“Footlight Parade”

When I was at university in London in the 1970s, I used to have to spend one Monday morning a week in Notting Hill. After my lecture, the day was my own. The local cinema, I think it’s The Coronet these days, showed two old black and white musicals for not very much money for old people, and me.

So I got to see Fred and Ginger on the big screen, and Busby Berkeley films.

Berkeley was a film director later, but for these films he handled the, er, choreography. Let’s say, the musical numbers.

The films inevitably seemed to star Dick Powell, Ruby Keeler and Joan Blondell. Others popped up: Ginger Rogers and Hugh Herbert were regulars.

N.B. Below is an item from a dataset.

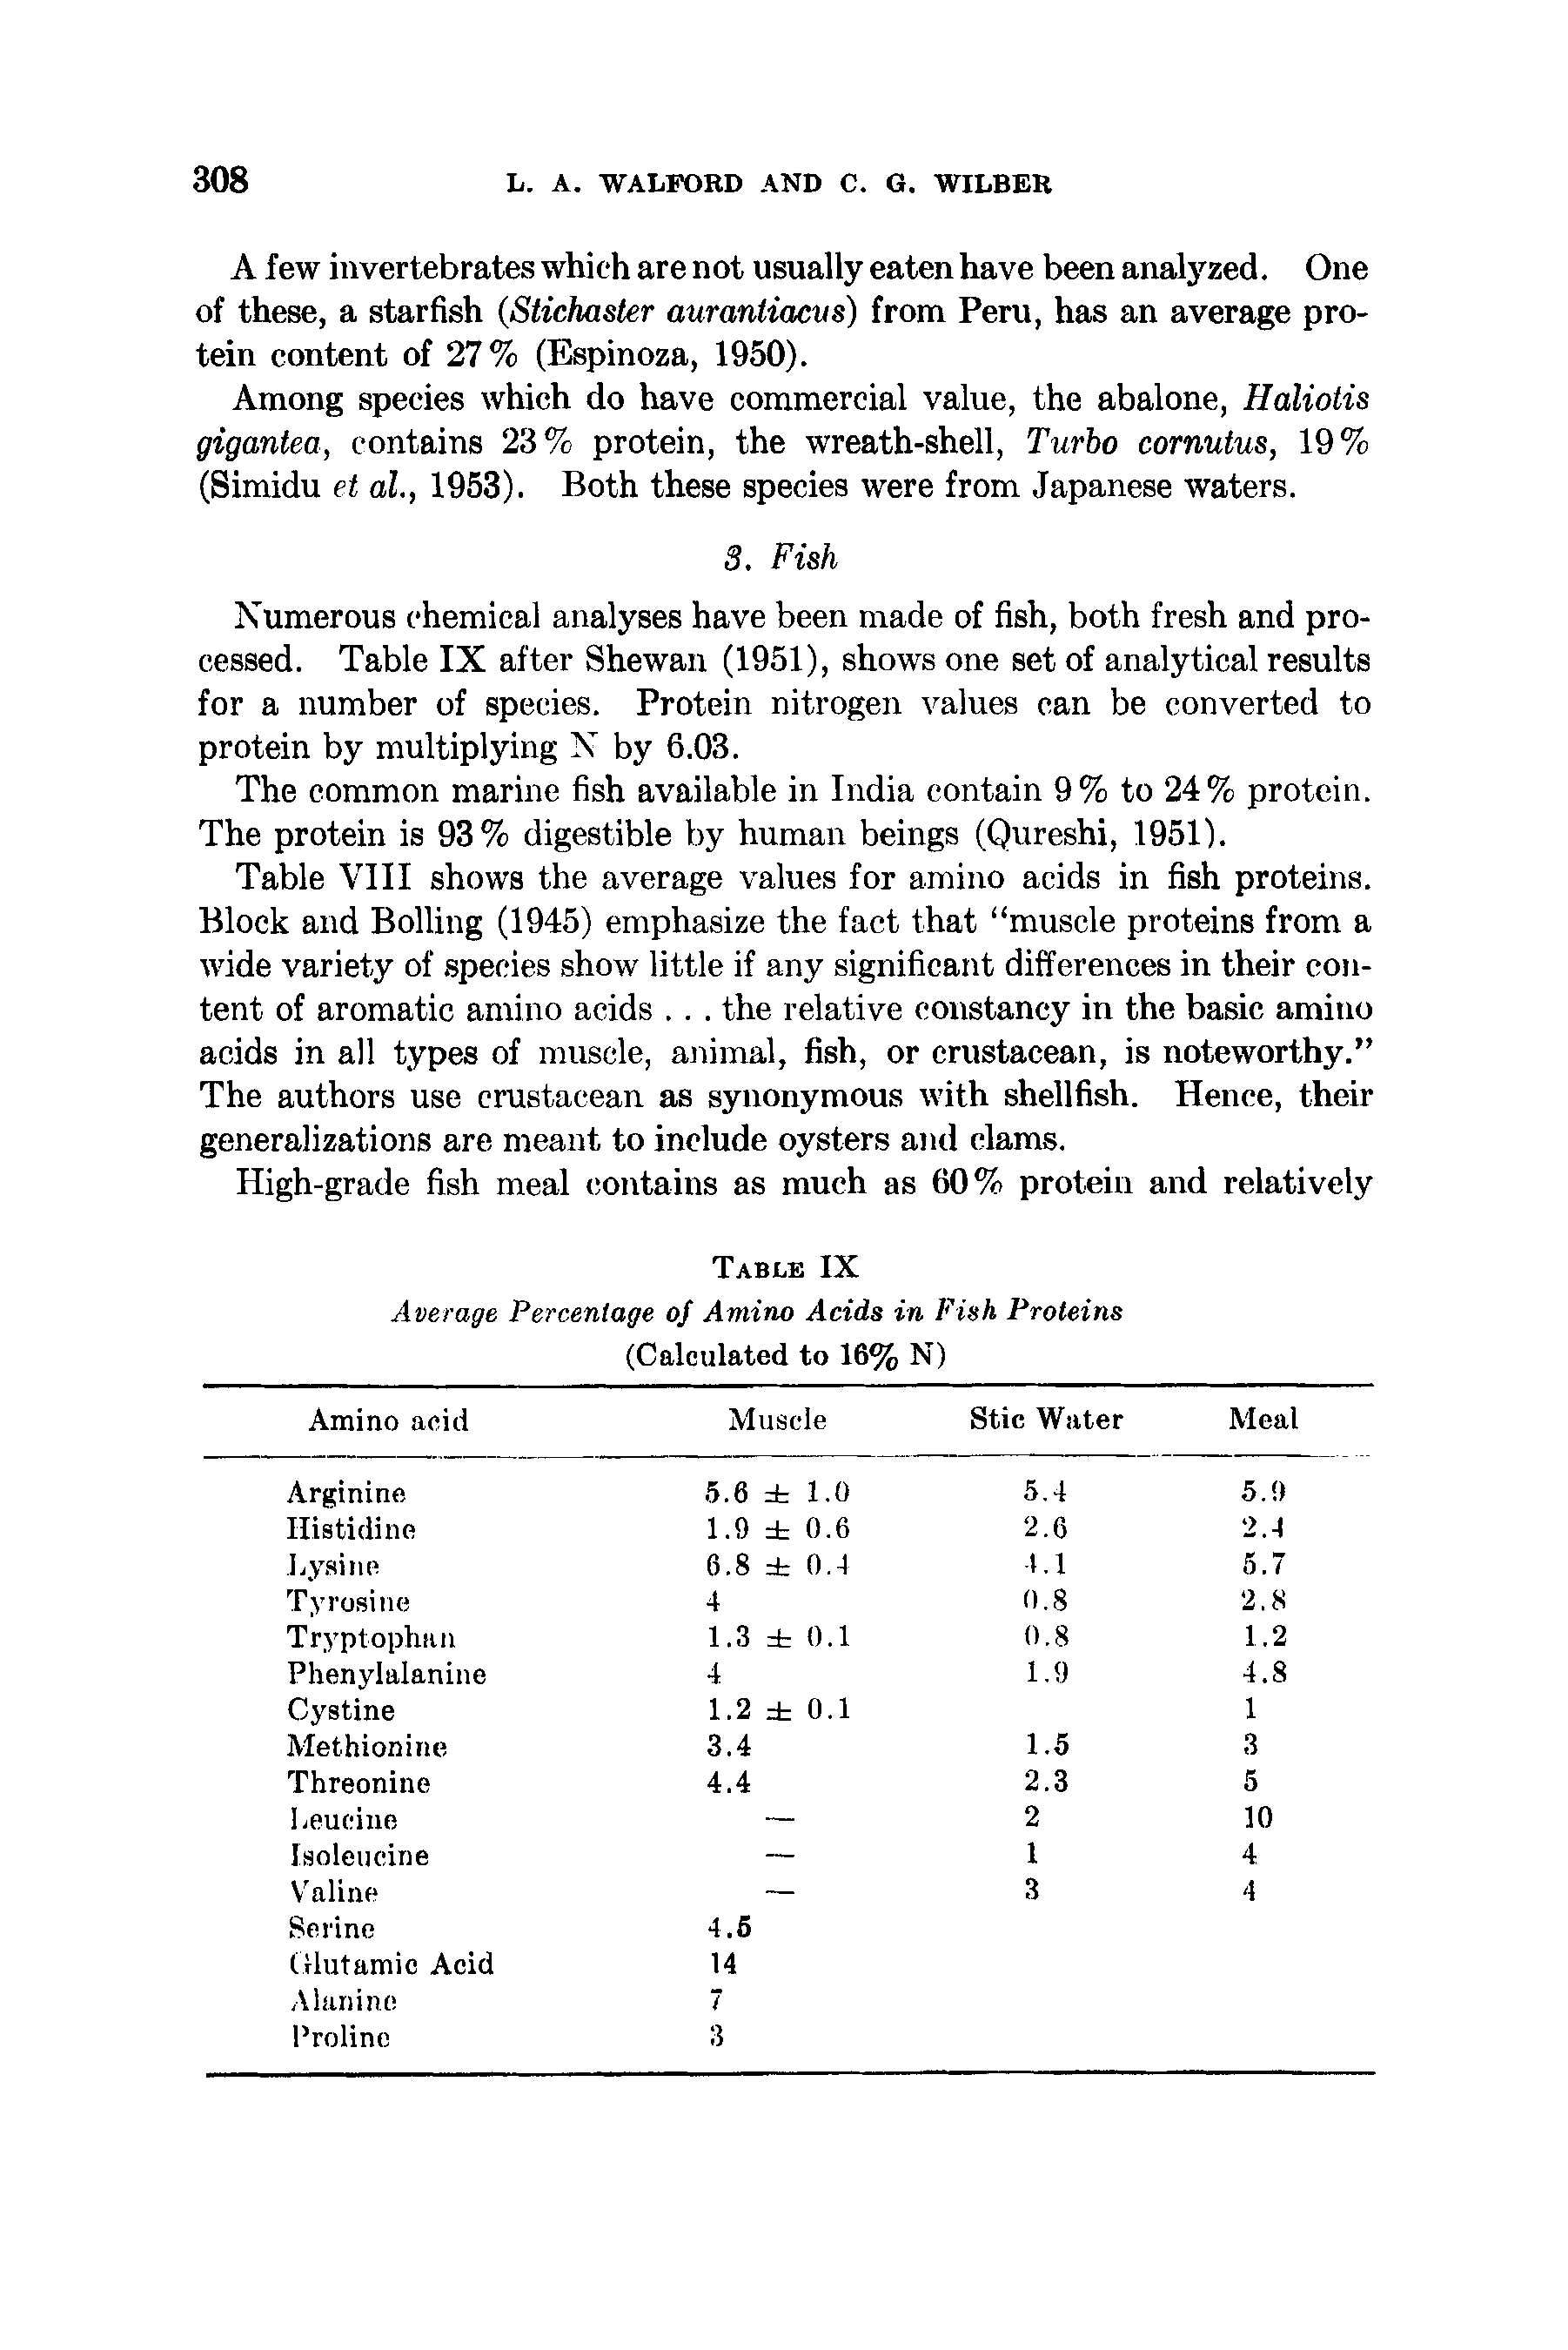 Table VIII shows the average values for amino acids in fish proteins. Block and Bolling (1945) emphasize the fact that muscle proteins from a wide variety of species show little if any significant differences in their content of aromatic amino acids. . . the relative constancy in the basic amino acids in all types of muscle, animal, fish, or crustacean, is noteworthy. The authors use crustacean as synonymous with shellfish. Hence, their generalizations are meant to include oysters and clams.

“Footlight Parade” (1933) is not the best Berkeley film, or the best known (“42nd Street” is probably that) but it is interesting.

It stars James Cagney. Cagney loved doing song and dance films, and made one stupendous musical film (“Yankee Doodle Dandy”) that we will come back to later. The regulars are here.

The story is slight: Cagney produces musical introductions for cinema, live acts preceding a film. There’s some nonsense about rivals stealing his ideas, but the film finishes with three of these ‘prologues’ being shown.

One is the legendary By A Waterfall. Berkeley brings out all his skills, creating patterns like a kaleidoscope.

There’s water everywhere, and scantily clad girls.

It’s mad, of course, but looks stunning.

Before that comes Honeymoon Hotel, where Powell sings some slighly risque lyrics about everyone registering as ‘Smith’. And the girls get to take their clothes off.

The third song is Shanghai Lil. Cagney sings the tune and does his trademark dancing and Ruby Keeler plays the woman who steals men’s hearts.

It’s pre-code Hollywood, so there are some slightly naughty references, but nothing your mum would object to.